# Beta Firmware up to 0192



## frankygamer (Jul 1, 2006)

Does anyone from TiVo or DirecTV take ownership of the THR22? It seems like forever since we debated the 'who is in control of the THR22'. Tivo or DirecTV.

Right now I really don't care anymore. What is in these firmware updates? When will joe user actually see an update?

Please no debate 'who is calling the shots'. Just would like to see someone step up and support this unit and stop finger pointing at the other.

Thank you


----------



## Shades228 (Mar 18, 2008)

How is it not supported? What do you think an update is going to do that you can't do now?


----------



## frankygamer (Jul 1, 2006)

Shades228 said:


> How is it not supported? What do you think an update is going to do that you can't do now?


It must do something? Bug fixs? features what?

If the update doesn't do anything I can do now, why are they doing it it the first place?


----------



## kevinturcotte (Dec 19, 2006)

Tivo RARELY (If ever) gives out release notes for software. If you're really having problems, you can try talking with Margret Schmidt https://twitter.com/#!/tivodesign (margret at tivo dot com). She helped me with quite a few things when I had a Tivo Premiere.


----------



## frankygamer (Jul 1, 2006)

Thanks Kevin. Will try that.


----------



## BAMCAT (Nov 24, 2007)

I hope adds an "off" feature to the blue night light circle on the front of the box. That darn thing lights up the bedroom at night. Yes, masking tape on the blue ring cuts it down, but shouldn't have to do that.
Also, hope they put some control over the "Directv enhanced content" downloads as that D*M thing has and still does take the tuner that I am viewing if the second tuner is recording, and it is persistent, I kill it off, and 30min later it takes the tuner again, drives me nuts. I shouldn't have to put up with it. It denies me the use of the DVR that I am paying to have.
It should only do its thing at 2AM or so like the service download does, not during all hours of the day in prime viewing time.
It is so annoying.


----------



## Shades228 (Mar 18, 2008)

frankygamer said:


> It must do something? Bug fixs? features what?
> 
> If the update doesn't do anything I can do now, why are they doing it it the first place?


They could be changing the font, tweaking the code in how it accesses a list, or something as little as documentation changes. The point is you stated that there is no support for this and you want software releases yet you provide nothing in which your having a problem doing.

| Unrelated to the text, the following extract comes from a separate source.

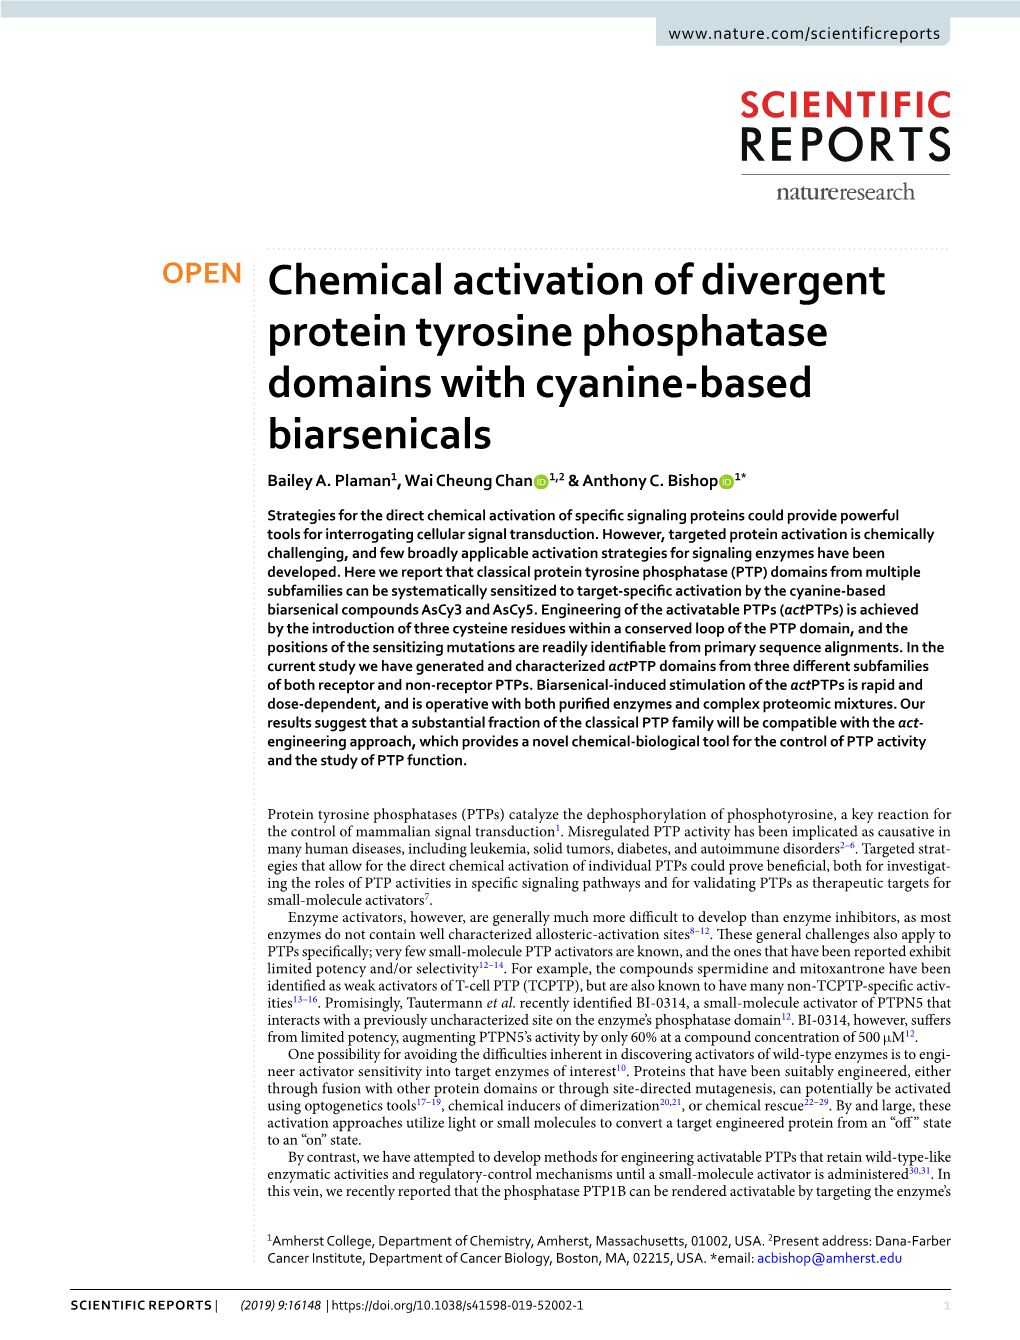 Chemical Activation of Divergent Protein Tyrosine Phosphatase Domains with Cyanine-Based Biarsenicals Bailey A

Software versions could changed hundreds of times and never see anything different on the end result.


----------



## technojunkie (Jul 4, 2007)

It is rather easy to turn off the lights. Press one of the buttons on the right ( Active/Info/Format) Then press one of the 4 buttons around the center lights. Once one is out press a button on the right then another in the middle. You'll need to work your way around the to get all the lights to turn off but it works.


----------



## frankygamer (Jul 1, 2006)

Shades228 said:


> They could be changing the font, tweaking the code in how it accesses a list, or something as little as documentation changes. The point is you stated that there is no support for this and you want software releases yet you provide nothing in which your having a problem doing.
> 
> Software versions could changed hundreds of times and never see anything different on the end result.


I'd like to know if there are any feature updates coming like Kidzone which was dropped at the last minute. There is also a sticky of issues above I'd like to know if they are being addressed. The are references in the code for MRV in the log files. Is this being actively worked or just some dead code.

I highly doubt DirecTV/TiVo would risk bricking a box, however unlikely, to change a font or update some comments in a TCL script.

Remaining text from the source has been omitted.